Le agenzie di rating
Nella stessa direzione, anche se con effetti drasticamente inferiori, andrebbe un nuovo pollice verso delle agenzie di rating verso il debito italiano. Moody's – la terza grande agenzia, accanto a Standard&Poor's e Fitch – darà venerdì il suo giudizio sulla sostenibilità del debito italiano, che già ha valutato, nei mesi scorsi, appena un passo sopra la soglia dei titoli inaffidabili. Esperti del settore hanno sottolineato che si sta riproponendo un meccanismo già visto in azione dieci anni fa: la tentazione delle agenzie di farsi concorrenza, in una gara in cui vince il più severo. La gara ha poche giustificazioni: le analisi delle agenzie di rating non sono migliori – anzi, spesso peggiori – di qualsiasi previsione di grandi banche o centri di ricerca. L'unica differenza è che i rating sono un modo estremamente efficace di condensare le previsioni in una semplice scala numerica: un po' la differenza fra leggere il resoconto della partita di calcio sul giornale e guardare la classifica. Ma questa semplicità dà loro un grande potere. La Bce, nelle scorse settimane, ha iniziato a svincolarsi dall'ombra delle grandi agenzie, annunciando che continuerà a operare sui titoli greci, italiani o portoghesi a prescindere dai loro rating, al contrario di quanto aveva fatto, invece, finora. Ma buona parte dei grandi fondi di investimento è legata per contratto con i propri sottoscrittori a seguire i rating. Probabilmente, Moody's non compirà il passo fatale di degradare di un'altra tacca i Btp italiani, dichiarandoli “spazzatura”. Ma, se lo facesse, ci sarebbe, dunque, automaticamente un'ondata di vendite sul mercato. Con il rischio che, dopo Karlsruhe, la Bce non possa più fare diga.
Il Mes
In attesa del Fondo per la ripresa, cui sta lavorando la Commissione, un piano di interventi la Ue lo ha già varato ed è quello dei 240 miliardi del Mes. Il problema è che il Meccanismo europeo di solidarietà è stato pensato, otto anni fa, per affrontare crisi specifiche di singoli paesi, da rimettere a galla – a torto o a ragione – con programmi di austerità. Il nuovo sportello del Mes ha, invece, il solo scopo di finanziare le spese – dirette e indirette – per la sanità, legate al coronavirus. Sul fatto che questo – il legame con l'epidemia – sia l'unica condizione per il prestito, l'accordo politico dei governi è chiarissimo ed è stato ulteriormente ribadito in questi giorni.

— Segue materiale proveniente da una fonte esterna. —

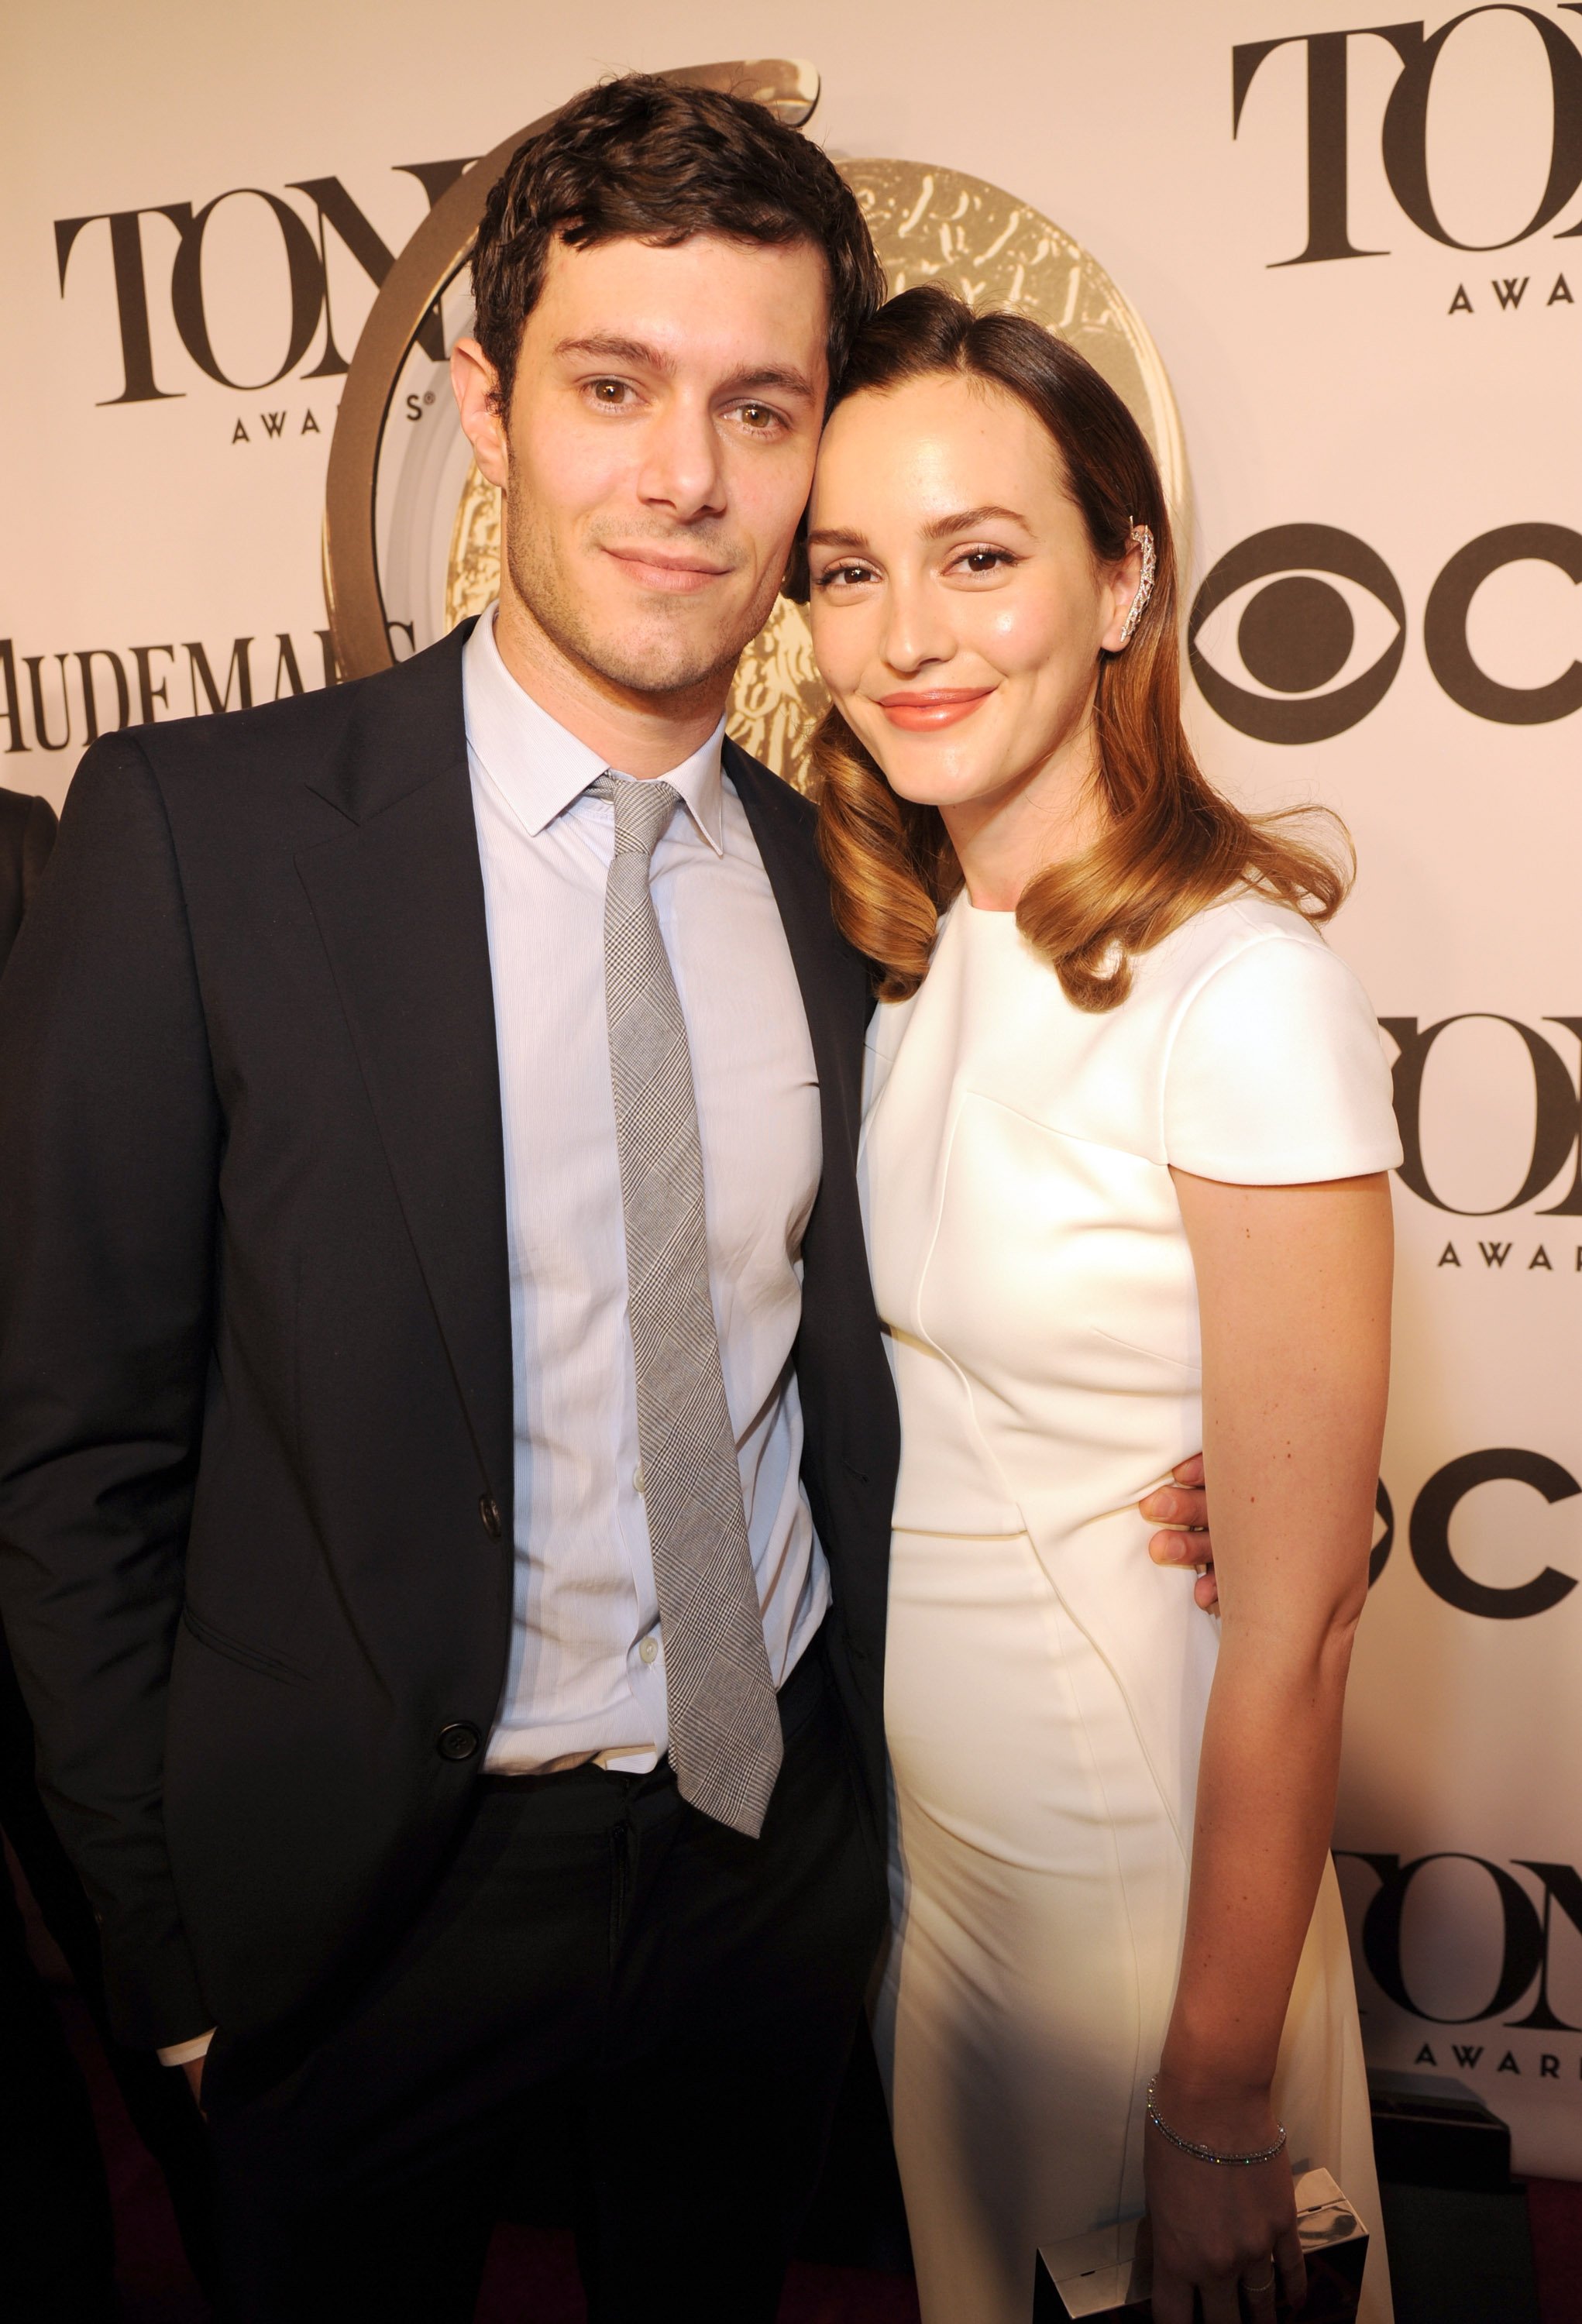 Adam Brody and Leighton Meester at the American Theatre Wing's 68th Annual Tony Awards, June 2014 | Source: Getty Images
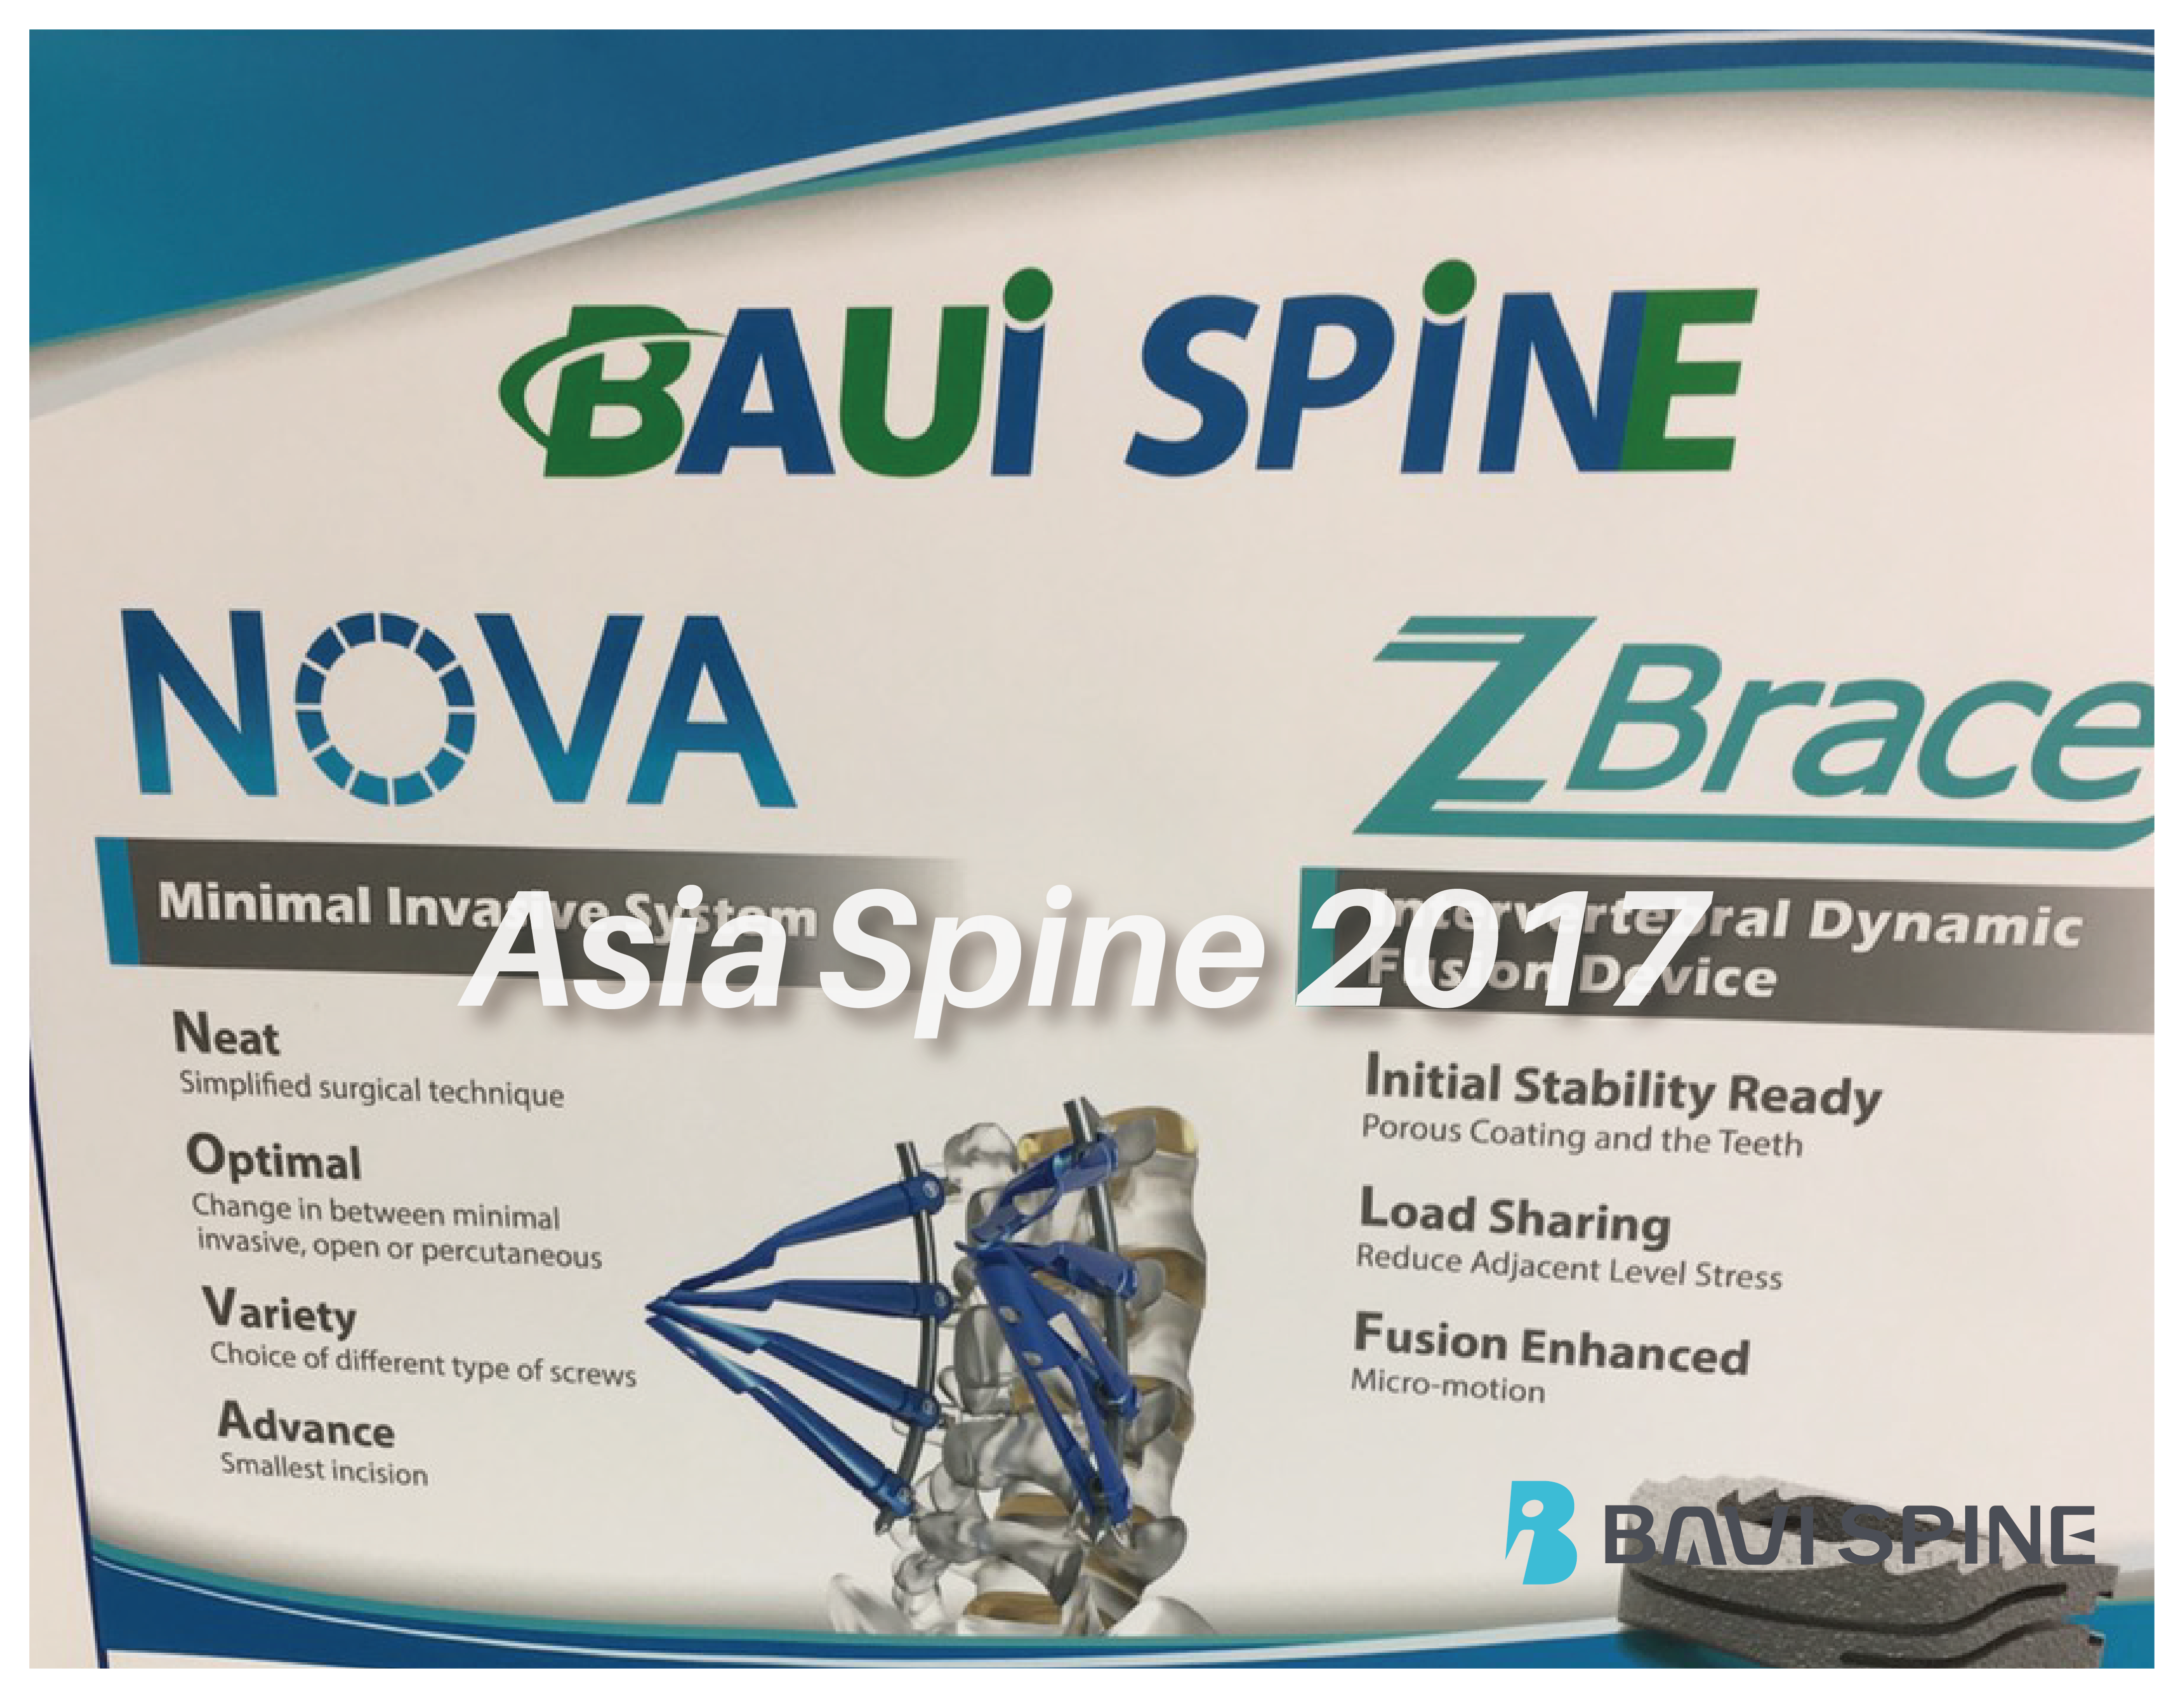 The 8th Annual Meeting of Asia Spine

Ma, giuridicamente, si tratta di far rientrare questa assenza di vincoli nel testo e nel linguaggio del trattato esistente e c'è chi teme che il diavolo sia scritto in piccolo. La bozza del nuovo testo sarà discussa venerdì dai ministri delle Finanze dell'Eurogruppo.
Gli aiuti di stato
Mentre l'attenzione era catturata dal dibattito sul Fondo per la ripresa e dalle discussioni sul Mes, uno scontro silenzioso, ma cruciale, si apriva fra i governi europei. Al centro gli aiuti di Stato, ovvero la possibilità per i governi di aiutare direttamente, con iniezioni di soldi, le aziende nazionali in crisi per il coronavirus. Vietati fino a ieri, sono diventati possibili da quando Bruxelles ha allentato i vincoli per contrastare gli effetti della pandemia. Questa settimana, la Commissione dovrebbe fornire nuovi dati su quanti di questi aiuti sono stati finora autorizzati. Il problema è che i paesi più ricchi stanno foraggiando a piene mani le proprie aziende, mentre i paesi più poveri non hanno i soldi per farlo. Su quasi 2 mila miliardi di aiuti autorizzati in 95 distinte operazioni, la Germania – che vale un quarto di tutta l'economia europea – ne ha totalizzati più della metà. Olanda, Austria e Danimarca sono gli altri paesi in testa alla corsa. La Spagna, che, come l'Italia, di soldi ne ha pochi, ha protestato. Con i soldi pubblici, la concorrenza viene falsata: le aziende dei paesi ricchi si salvano, quelle dei paesi poveri affondano, a prescindere dal fatto che le singole aziende siano o no vitali. Così il mercato unico diventa solo un canale per favorire le aziende tedesche o olandesi. Martha Verstager, la commissaria alla Concorrenza, dovrebbe chiarire in settimana quali sono i limiti di questi aiuti: le dimensioni delle aziende che li ricevono, il tempo entro cui devono essere restituiti, le risorse che possono essere impiegate.